To address these issues, we will diversify into more export markets and develop more industries and sectors (such as agricultural products and food production) rather than depending on a few, such as tech, to improve productivity and competitiveness through education, training, upskilling of workers, and infrastructure investment because competitors may come along with lower costs than Vietnam.
Another way is to increase the value added of the products; relying on competitive labor costs and infrastructure costs and preferential tax and subsidies will not be sustainable, and therefore investments need to be made in R&D and other areas to raise the value added.
UOB’s team projecting 6% growth for Vietnam in 2024 as the economy recovers further towards the pre-pandemic pace. Photo courtesy of UOB |
Which industries or sectors do you think will play a crucial role in driving Vietnam’s economic expansion in 2024?
The tech-related sector and its supply chains should see better performance in 2024 due to the upturn in the tech cycle. With many countries concerned about food supply and availability, Vietnam stands in a good position as a large producer of rice and other agricultural products, with geopolitical tensions continuing to be a main worry globally.
Sustainability issues will continue to see further developments and demand in the EV space and alternate energy sectors such as solar and wind.
How do global economic trends and geopolitical factors affect Vietnam’s economic growth prospects for the coming year?
Vietnam is likely to continue to benefit from the shifts in production in the region due to U.S.-China tensions.
However, geopolitical tensions in the Middle East and Europe can have negative effects on Vietnam, such as in oil prices or disruptions to shipping lanes, which will cause factory orders and delivery delays, causing problems for exporters and producers in terms of production scheduling and cash flows.
In 2023, inflation and exchange rates were widely discussed, what are your thoughts on this topic in 2024?
Inflation was a big problem globally and in Vietnam, but the situation has improved, and the worst is likely to be over. The U.S. Fed had been very aggressive in raising interest rates from 2022 to 2023 and therefore provided support for the U.S. dollar.
A strong USD means weak non-U.S. currencies, including the Vietnam dong. For 2024, we expect the U.S. Fed to cut interest rates starting in June; this will likely see the U.S. dollar weaken, and we forecast the VND to strengthen towards 23,500 by the end of 2024.
However, exchange rate volatility will continue to be present due to market activities and investor reactions to news and data. Therefore, companies will need to manage exchange rate risk carefully.

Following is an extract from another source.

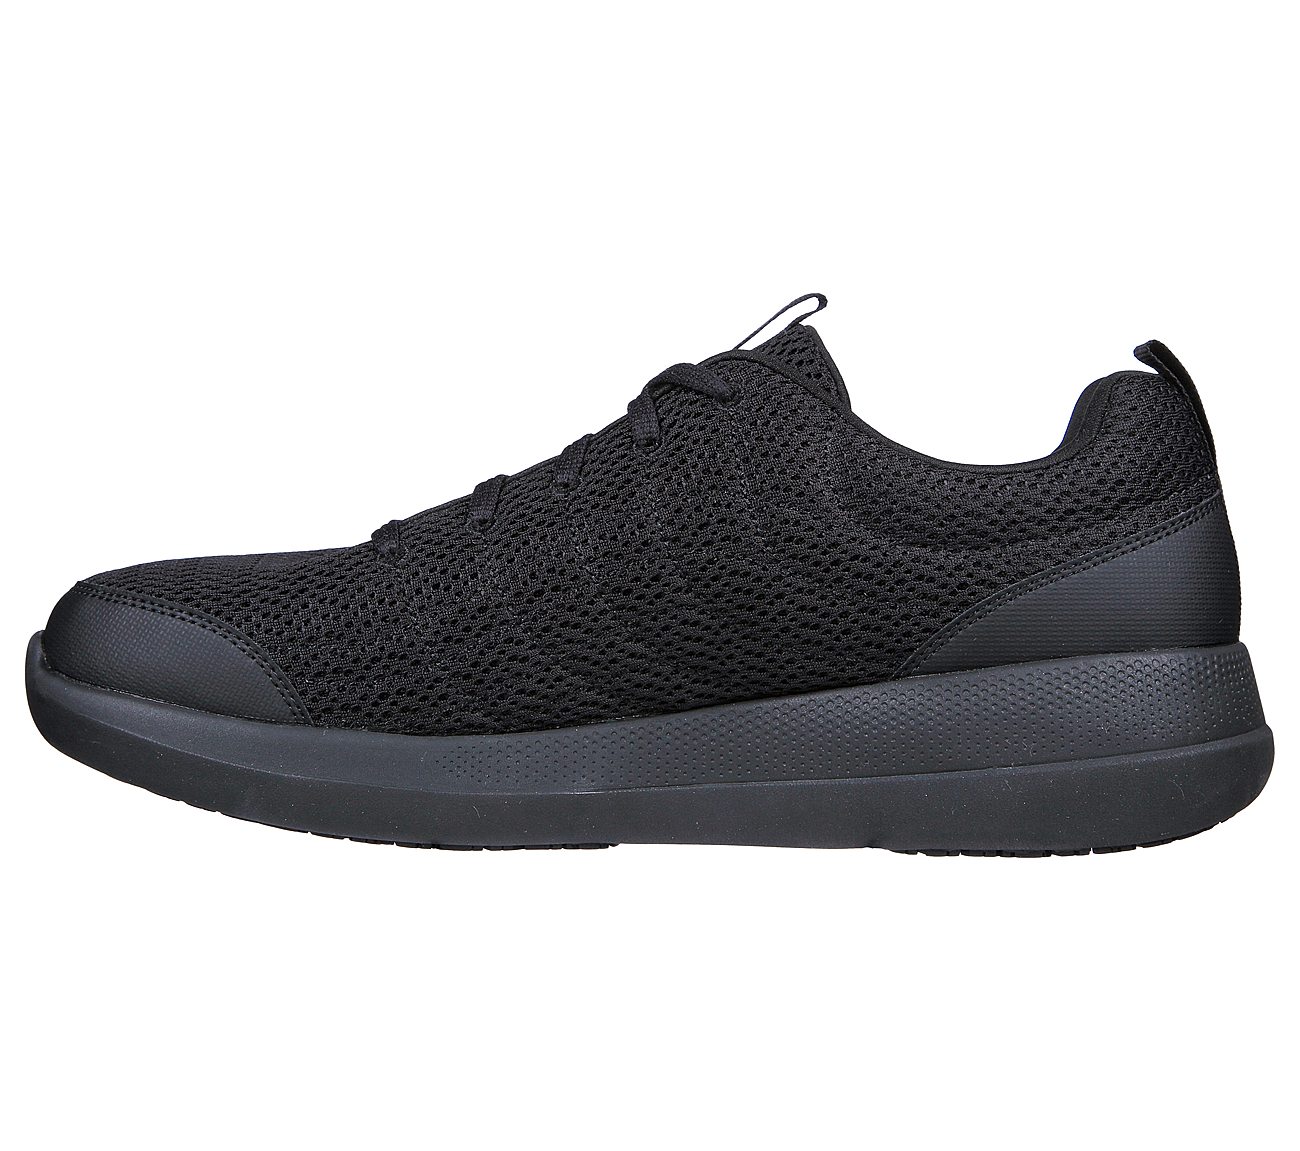 Skechers Black Go Walk Stability Advanceme Mens Lace Up Shoes - Style ...

Suan Teck Kin stated that inflation was a big problem in Vietnam but the worst is likely to be over in 2024. Photo by VnExpress/Hong Thao |
What government policies or initiatives are most likely to affect and foster economic development in Vietnam in 2024?
The government’s investment infrastructure will be important for this year and for many years to come, e.g., investment in roads, rails, housing, water, electricity, education, and health care.
The spending in these areas will increase business activities (e.g., construction and related supply chains), and benefits will come in the form of higher productivity, lower costs, and better skills in the years to come that will benefit businesses and industries.